Achieving democracy in the Middle East is a huge and almost insurmountable task. The Americans have tried it with blitzkrieg-type overthrows of the governments in Iraq and Afghanistan, establishing elected governments and parliaments that were suppose to be accountable to the people. Five years plus of war and democracy only exists on paper in these countries. Insurgents control large tracts of these countries, as the leaders of Iraq and Afghanistan remain isolated and under extremely heavy protection, effectively directly controlling small parts of these countries, while the rest of it is run on paper.
Insurgents fight on with a seemingly inexhaustible supply of fighters, weapons and materials; their attacks becoming increasingly more sophisticated as the US drowns in a sea of debt and many thousands of casualties in two neverending wars. The elected governments in Iraq and Afghanistan retain little or no control over their people...and their countries-as insurgent attacks rage on-including a recent attack on the so-called 'green zone' of Baghdad, ironically where most of these democractic instituions are.
Even in democractic Middle Eastern countries like Israel and Egypt, both countries are forced to maintain, at times, martial-law type powers to deal with terrorists and threats to their own countries, external and internal. The key to achieving democracy in the Middle East is, in part, to find a true solution to the long-running Middle East conflict. After decades of bloody war and terrorism, a true solution would start by ending the state of war...and all of the terrible connotations that go with it that has left the region destabilized for decades, but with the seedlings of the beginnings of democracy just waiting to be sprouted into something very beautiful and substantive.
A substantial easing of tensions would allow the seeds of democracy to flourish out of the bitter ashes of hatred and long-term conflict in a soil that is sadly rich from all of the death of the past number of decades.
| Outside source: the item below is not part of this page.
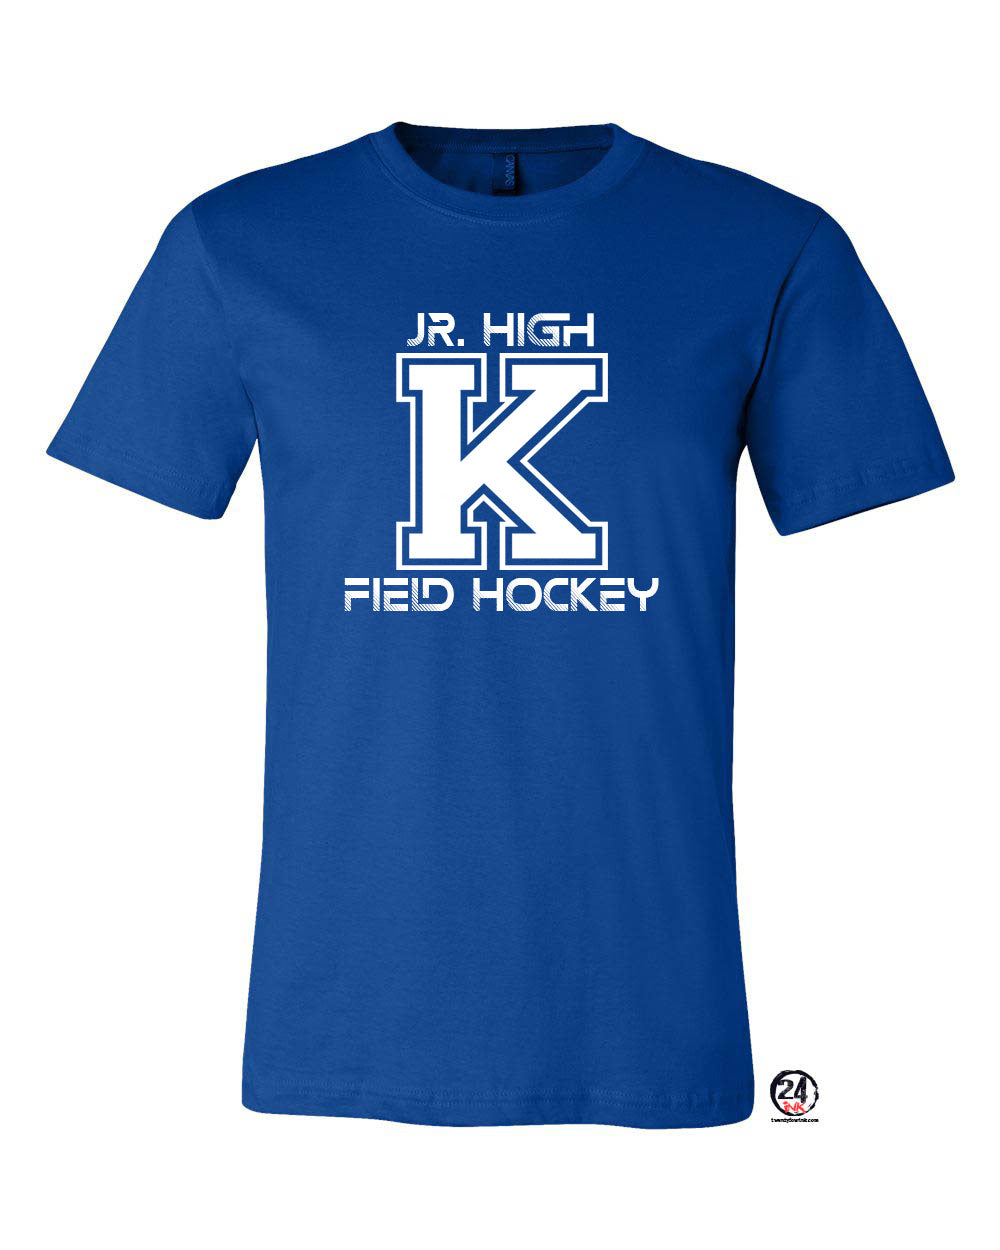 Kittatinny Jr High Field Hockey Design 4 t-Shirt

Democracy is longed by so many in a region that if the level of war and terrorist casualties were comparable to North America, it would be like the equivalent of hundreds of thousands of North American citizens being killed by war and terrorism since 1948, on top of the war casualties from Korea, Vietnam and the other wars. There is a terrible analogy of just the Israeli body count from the Yom Kippur war being comparable to the US losses in Viet-Nam, in ratio comparisons to the US. The seedlings of democracy just needs the right amount of tending to sprout and flourish into beautiful gardens and vineyards of plenty for all to come to and eat from in peace and harmony.
Military occupation of Iraq and Afghanistan will only cause these ugly weeds of hatred to grow further and more grotesque. The West cannot obviously leave these countries so quickly, for the terrorists and insurgents there could easily transform these countries into new 'launching-points' for hatred and violence across the Middle East, destabilizing other countries, and perhaps the entire region itself. But these countries could still turn into shining examples of democracy and freedom, not out of invasions that dramatically force change of government and long-term military occupation. But in nurturing the seedlings of democracy by encouraging peaceful transition following their tribal, religous, secular and modern ways of the democractic and non-democractic countries, not necessarily just out of our Madison Ave, "American Idol" culture and ways.